İnceleme konusu davaya ilişkin olarak ise; Doğanşehir İlçe Nüfus Müdürlüğünün 19.12.2012 tarihli yazısında özetle; davacının ve boşandığı eşinin 08.12.2006 tarihinde TÜİK tarafından bildirilen adreslerinin D...K... No: .... olarak aynı olduğunun belirtilmesi, Doğanşehir İlçe Seçim Kurulu Başkanlığının 24.12.2012 tarihli yazısıyla özetle; 2010 ve 2011 yıllarında davacı ve boşandığı eşinin adresilerinin No: .... olarak aynı olduğu belirtilmesi, 08.01.2013 tarihli nüfus adres bildiriminde de aynı adreste olduklarının bildirilmesi, Malatya Sosyal Güvenlik Kontrol Memurluğunun 28.09.2012 tarihli raporunda özetle; raporun eki olan 22.03.2012 tarihli Jandarma tutanağında; davacının abisinin evinde tek başına ikamet ediyor gibi göründüğü ancak gerçekte boşandığı eşiyle birlikte aynı evde yaşadığı köy muhtarı ve azalarının bu şahıslarla problem yaşamamak için yazılı bilgi vermediklerinin belirtilmesi, Köy muhtarı İ.. E.."in imzalı beyanında özetle; üç dönemdir muhtar olduğunu, davacının eşiyle birlikte köyde sakin olduğunu ancak bu kişilerin ailevi durumlarını bilmediklerini ifade etmesi, 19.07.2013 tarihli Jandarma Tutanağında özetle; davacının ve boşandığı eşinin boşanmadan sonra fiilen ayrılmadıkları, boşandığı eşinin bakkal dükkanı, oğlunun ise minübüs çalıştırdığının, köy muhtarı ve azaların köylünün tepkisini çekmemek için bilgi vermekten kaçındıklarının belirtilmesi ve tüm dosya kapsamı birlikte değerlendirildiğinde davacı-karşı davalı ile boşandığı eşinin fiili olarak birlikte yaşadıkları belirgindir.

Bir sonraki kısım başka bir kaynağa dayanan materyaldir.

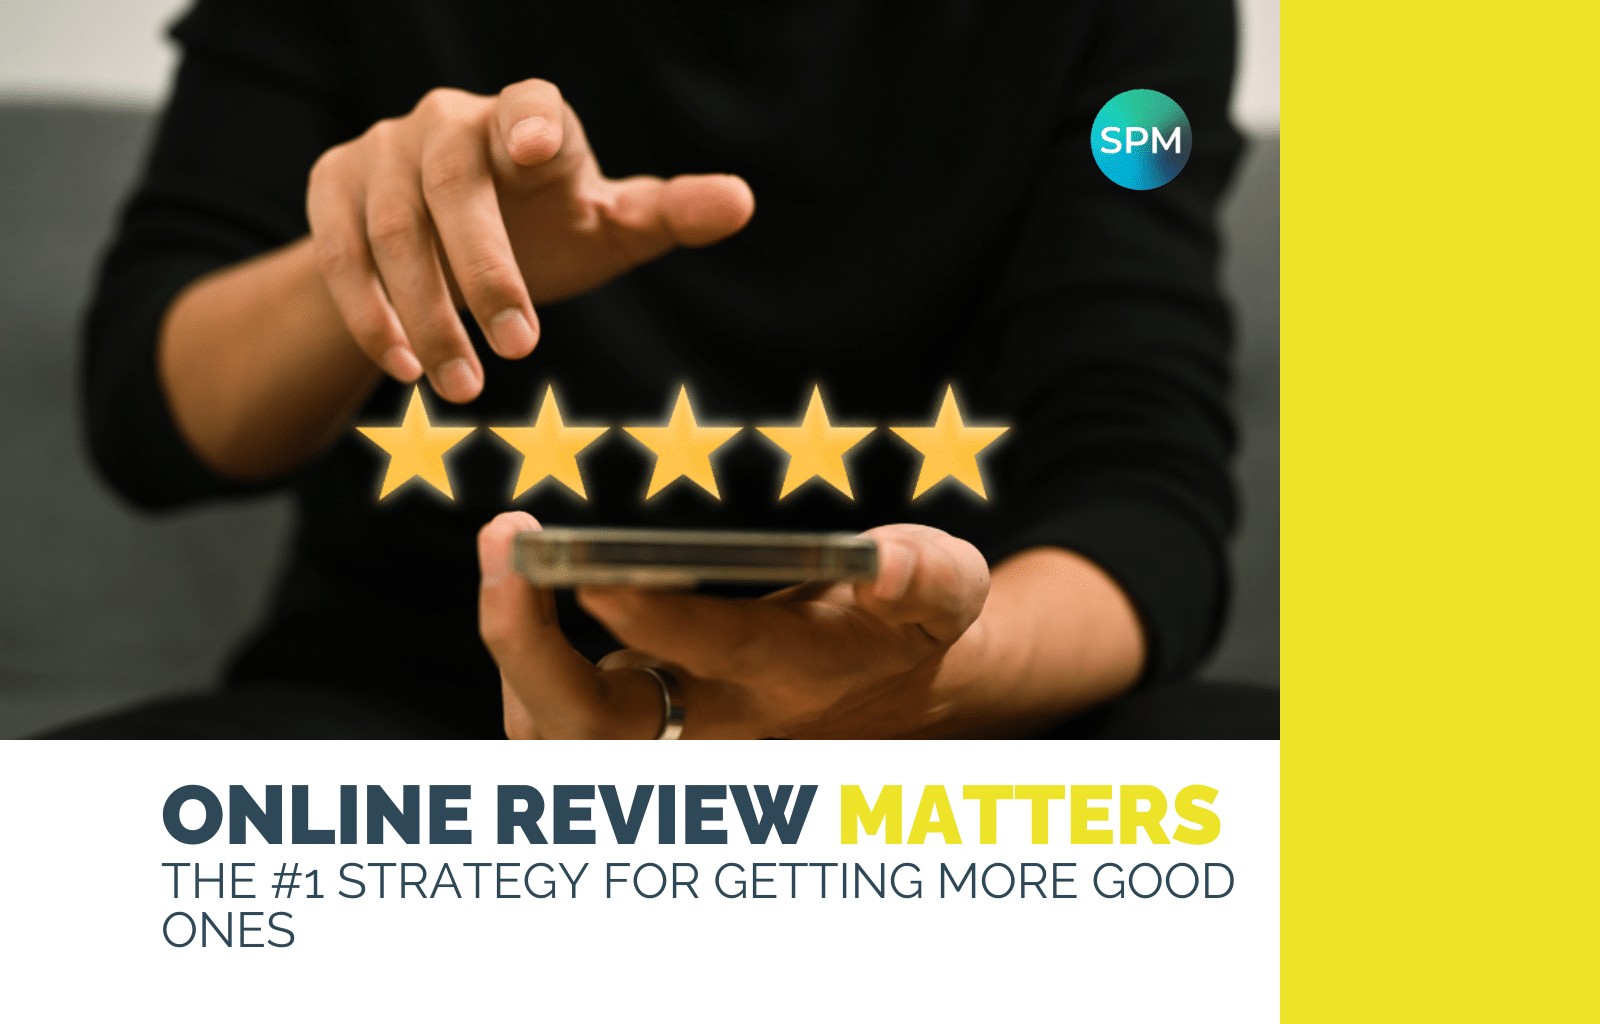 Online Reviews Matter The #1 Strategy for Getting More Good Ones (1)

Bu maddi ve hukuki olgular göz önünde bulundurulmaksızın, mahkemece yanılgılı değerlendirme sonucu davacı birleşen dava davalısının davasının kabulüne, Kurumun açtığı birleşen davanın ise reddine karar verilmesi, usul ve yasaya aykırı olup, bozma nedenidir.
O hâlde, davalı-karşı davacı Kurum vekilinin bu yönleri amaçlayan temyiz itirazları kabul edilmeli ve hüküm bozulmalıdır.
SONUÇ : Temyiz edilen hükmün yukarıda açıklanan nedenlerle BOZULMASINA, 12.05.2014 gününde oybirliğiyle karar verildi.